King and Emperor by Harry Harrison. Chapter 16, 17, 18

Finally, Shef himself. Shef had seen Straw looking at him with much the same expression that he used when he looked at Richier, and he knew why. Among the lightly-built people of the hills, Shef stood out like Styrr among ordinary folk. He was head and shoulders taller than any other man in the company, Richier included. He outweighed Richier by fifty pounds and every other man or boy by seventy at least. Could he keep up when it came to speed? Could he creep undetected below the cover? Straw obviously thought not. Shef himself was more confident. It was not so many years since he and Hund had stalked the wild pigs together in the marsh, or snaked on their bellies to take fish from some thane’s private pond. He had grown bigger and stronger since then, but little of the weight, he knew, was fat. If anyone could elude the scouts and sentries, he could.

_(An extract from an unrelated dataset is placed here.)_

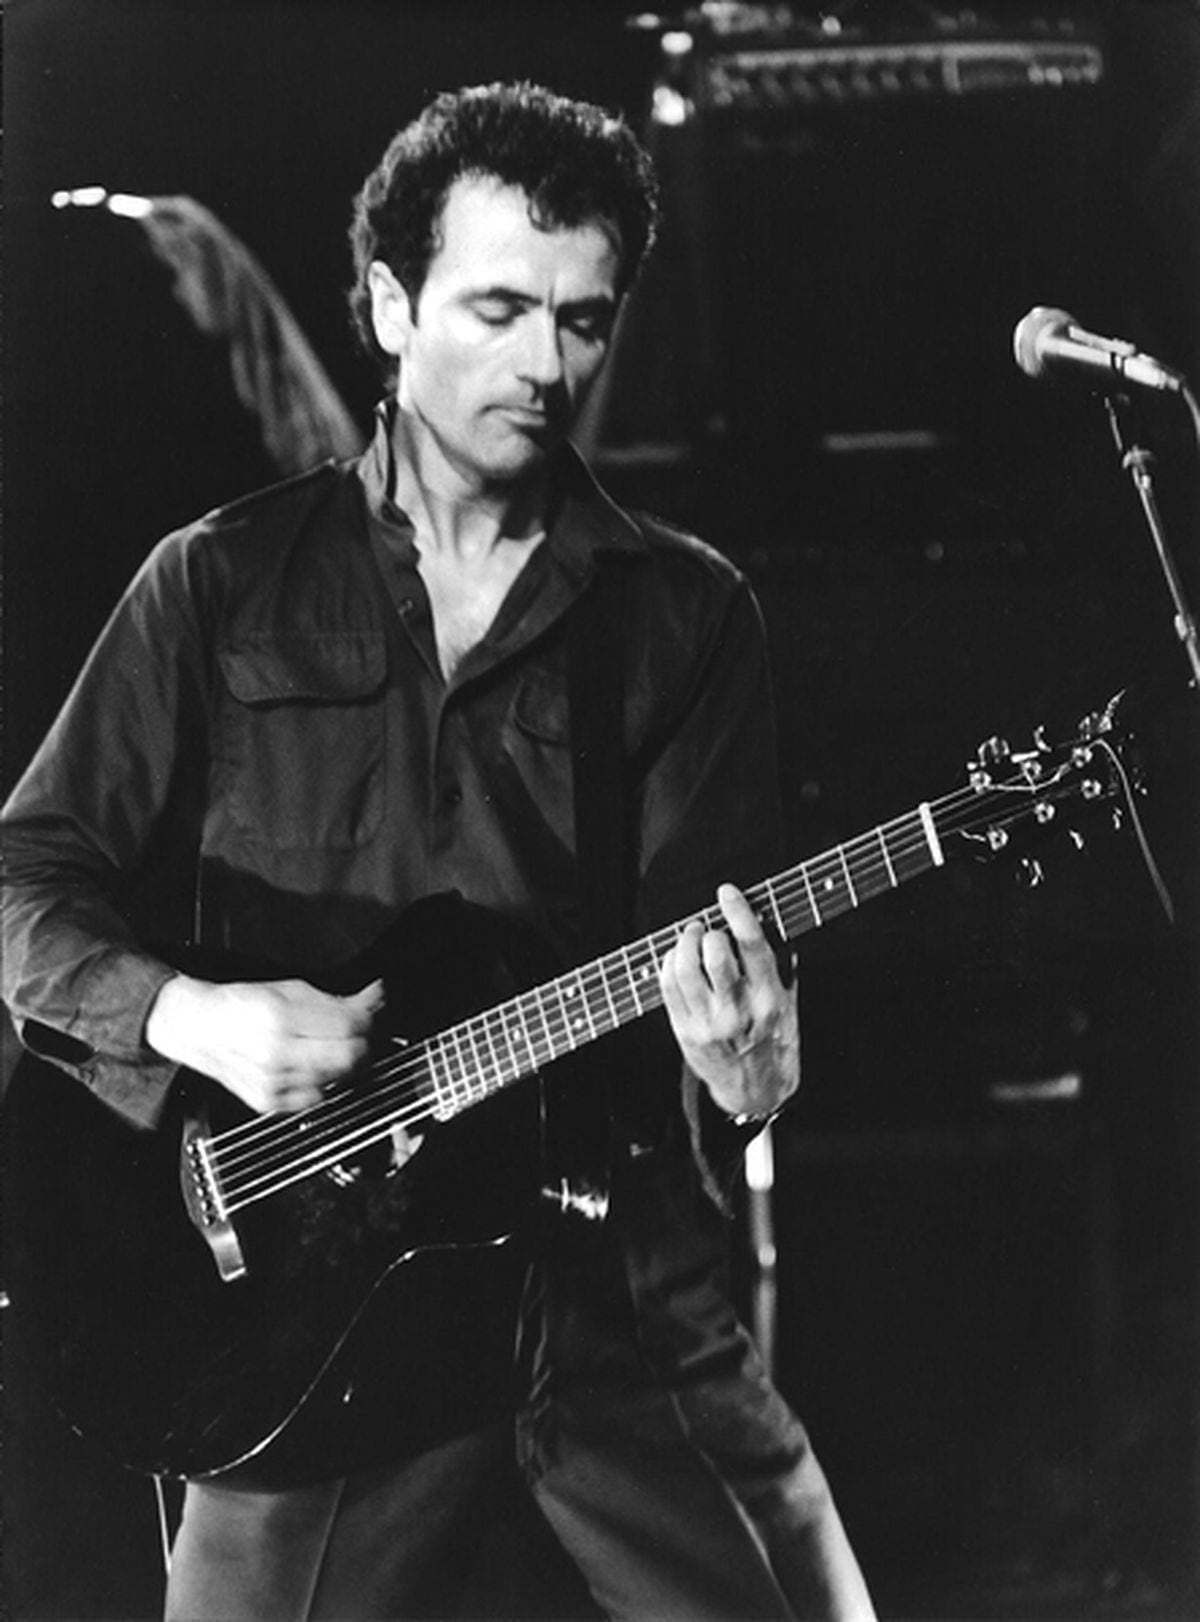 Hugh was the frontman and main songwriter for The Stranglers for 16 years
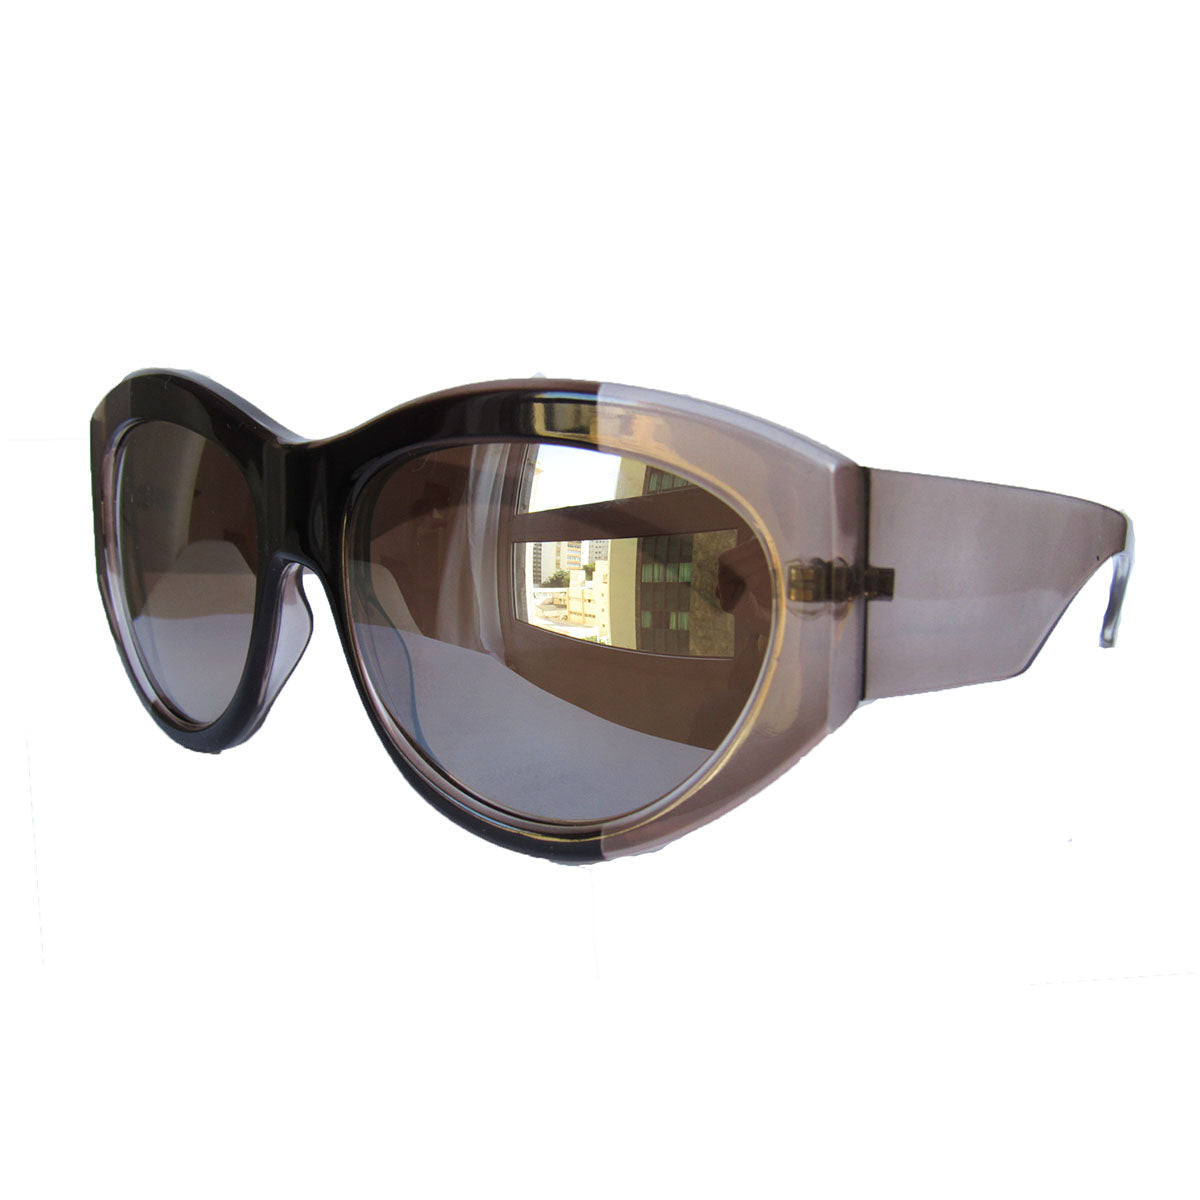 Mask Style Brown and Crystal Brown Bicoloured Sunglasses w/ Silver Mirrored Lenses

He had no fear, indeed, of being seen and killed in the night. He had a good chance, and death, if it came, would come cleanly, not as it had come to Sumarrfugl.

What did set a weight in his bowels and a chill at his heart was the thought of capture. For capture meant facing the Emperor. Shef had seen him close, drunk with him, felt no fear even when he stood with Bruno’s sword-point at his throat. Something told him now, though, that if they met again the genial side of his old comrade would be gone, replaced by the fanatic. He would not spare a heathen and a rival a second time.

Shef looked round the small inner circle of seven. “Very well. We will start our ride as soon as I have finished speaking to the others. We work down into the plain behind our scouts, and at dusk we start to ride round in a wide circle. To come out on the other side of the rock, of Puigpunyent, to the north-west. Then we leave our horses and follow Straw here through the Emperor’s guard-ring.

“You know that is asking a lot. But I promise you this. The Emperor’s guards will all be looking at quite something else. If they are still there.”

A mutter of assent, if not belief.

“Stand aside then and be ready to go.”

Shef turned to the larger group standing further back, by their machines. Cwicca and his gang had brought light winches with them, mere cylinders of wood with a turning handle, and had spent a long hour slowly pegging them into the stony ground without noise of hammers. By each winch stood half a dozen of the ships’ catapulteers now turned kite-men, with by them the bulkier figures of the Vikings sent along to act as close-quarter guards.

In front of each of the three groups stood a kiteboy, Tolman in the middle, to either side Ubba and—Helmi, that was his name, a small pale boy little more than a child. A cousin of some crew-member’s, left orphaned and homeless by the wars. All three boys looked unusually serious and alert.

“You know what to do as well. Stay here, rest, light no fires. At midnight, Cwicca, you can read the stars, fly off the kites. There will be a wind coming down from the mountains behind, or so they tell us.

“Then you, boys. When you are at the end of your ropes and flying smoothly, bring out your fires. Light each of your baskets in turn and then drop them. Make sure the cloths are unfolded before you start lighting. Drop them one at a time, counting one hundred between each. Count slowly.

“Steffi, you count the baskets as they are lit. Once you have seen them all dropped, haul the boys in. Don’t stop to unpeg the winches, just leave everything and follow Messer Anselm wherever he says to go. In the morning we meet up and all head back to the ships. Any questions?”

There were none. Shef moved over once more and looked carefully at the gear they had spent the day assembling. The basic idea was to put together Steffi’s invention of the fall-delaying cloth with the thing that the heretics had shown him, the colored fires of the saltpeter and the Arab alchemy. Bundles of dry twigs, impregnated with saltpeter and sealed roughly with wax. A cloth tied by four corners to each one, each of them hanging from bent nails in the canework frames of the kites. Each cloth had a small hole in its center now: Steffi, experimenting continually, had discovered this prevented the trapped air from spilling sideways, gave a smoother and even a slower fall. The most difficult bit had been giving the boys fires to carry. There could be no striking tinder and steel in mid-air. In the end they had borrowed a sailor’s trick from the Vikings, who made long crossings in their undecked boats and could not always find dry tinder: tarred rope, lit and set to smolder inside a stiff canvas case.